Hadapi Tantangan Pandemi COVID-19, RI Desak WTO Direformasi
VIVA – Pemerintah Indonesia mendesak supaya Organisasi Perdagangan Dunia atau World Trade Organization (WTO) direformasi. Tujuannya, untuk menghadapi berbagai tantangan global yang salah satunya adalah krisis yang disebabkan Pandemi COVID-19.
Hal ini disampaikan Menteri Perdagangan Muhammad Lutfi saat Pertemuan Informal Tingkat Menteri WTO secara virtual dikutip Selasa, 2 Februari 2021. Pertemuan diikuti 29 negara anggota dengan agenda untuk membahas peran WTO tantangan di tengah pandemi.
“Pandemi COVID-19 telah mempengaruhi stabilitas ekonomi global dan menjadi perhatian seluruh anggota WTO. Untuk itu, reformasi WTO diperlukan untuk mendukung peran strategis WTO dalam menghadapi tantangan global, khususnya krisis yang disebabkan pandemi,” kata dia saat itu.

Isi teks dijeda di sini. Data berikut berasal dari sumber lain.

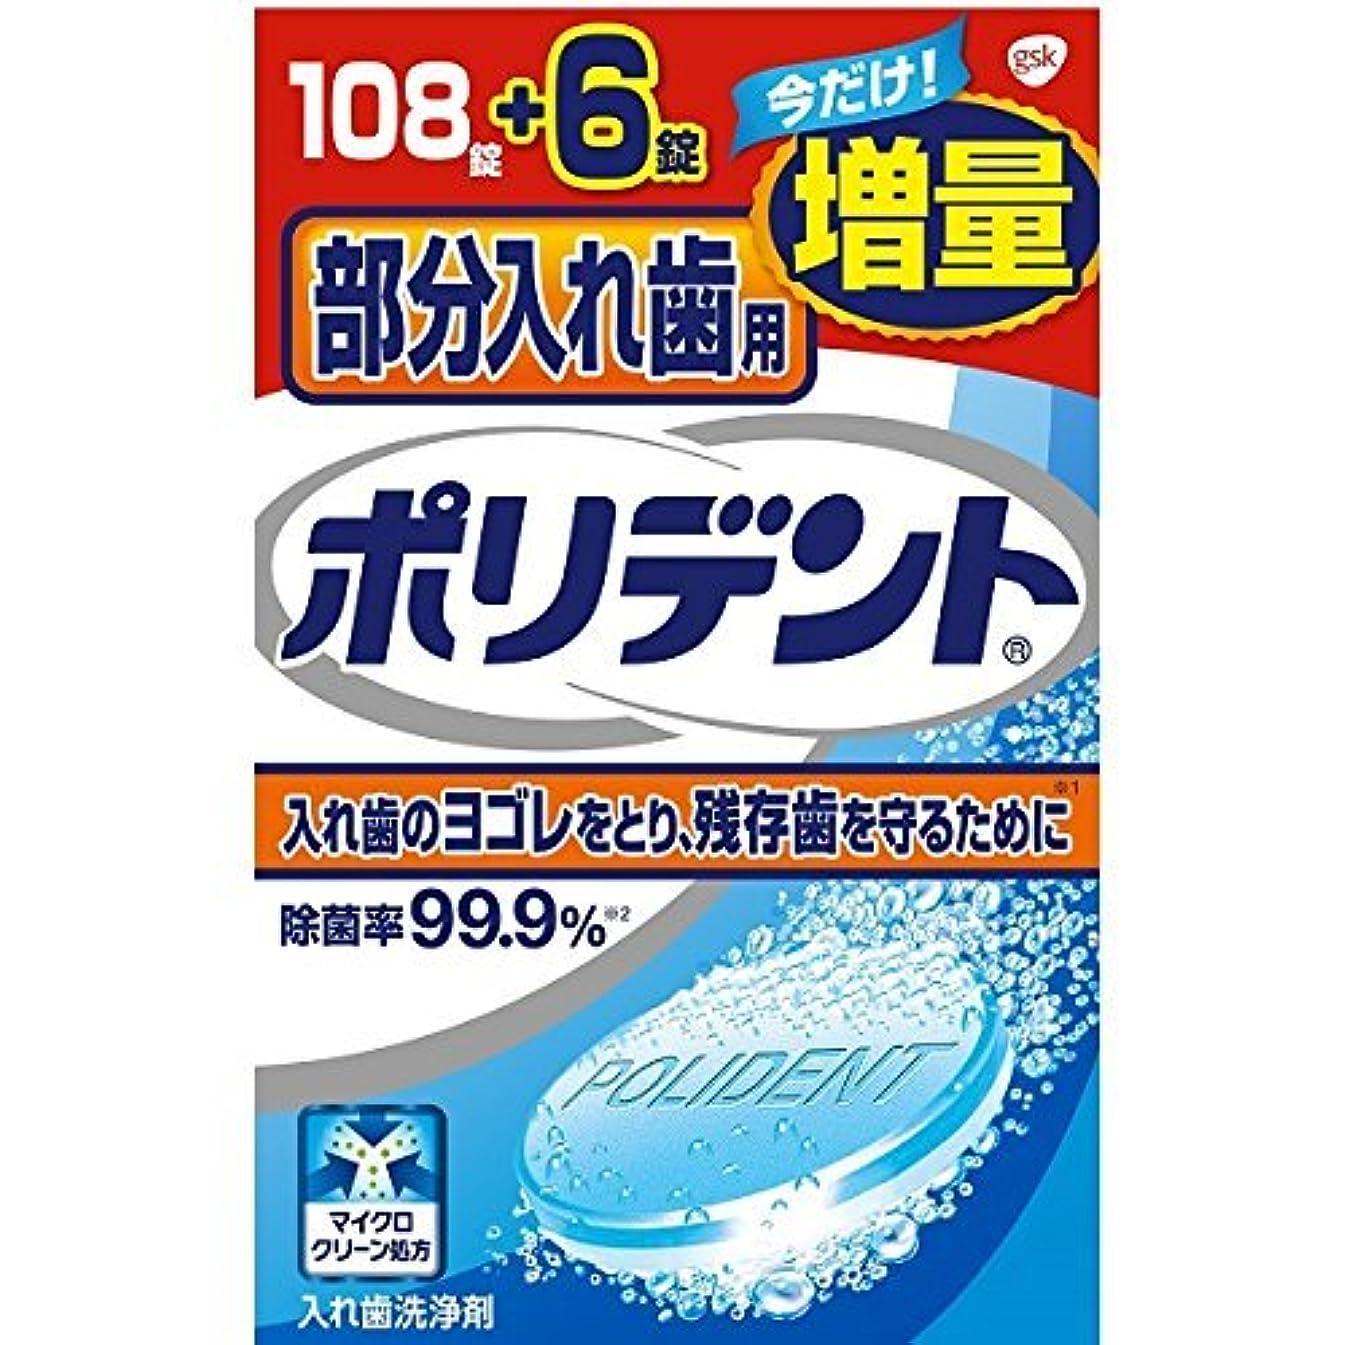 効果的湿気の多い無能部分入れ歯用ポリデント 108錠+6錠増量品

Mayoritas perwakilan pemerintah negara, dalam pertemuan itu, menyampaikan komitmen menjaga kredibilitas sistem perdagangan multilateral dan juga mendesak penunjukan Direktur Jenderal WTO yang baru dan anggota Badan Tingkat Banding guna memulihkan kembali fungsi sistem penyelesaian sengketa di WTO.
“Dalam mengembalikan kepemimpinan di WTO, sangatlah penting untuk menyelesaikan penunjukan Dirjen WTO yang baru, serta mengembalikan kepercayaan global pada sistem perdagangan multilateral melalui penunjukan anggota pada Badan Tingkat Banding WTO,” tutur Lutfi.
Pada kesempatan itu, Lutfi juga menekankan pentingnya kepastian akses yang adil dan terjangkau untuk barang-barang medis, termasuk vaksin, serta langkah-langkah untuk memfasilitasi perdagangan, kekayaan intelektual, dan transparansi.
"Seperti usulan pengabaian ketentuan tertentu dari Trade Related Aspects of Intellectual Property Rights Agreement. Apabila diperlukan, kita mengupayakan kesepakatan tingkat Menteri agar tindakan-tindakan tersebut bersifat sementara, mempunyai target, dan proporsional sehingga tidak disengketakan di WTO di kemudian hari,” ucap dia.
Adapun isu prioritas lain untuk dibahas secara serius pada Konferensi Tingkat Menteri WTO ke-12, yaitu isu kebijakan perdagangan pertanian dan isu-isu baru, seperti peraturan jasa domestik, niaga elektronik, fasilitasi investasi, lingkungan yang berkelanjutan, usaha mikro kecil dan menengah (UMKM), serta pemberdayaan ekonomi wanita.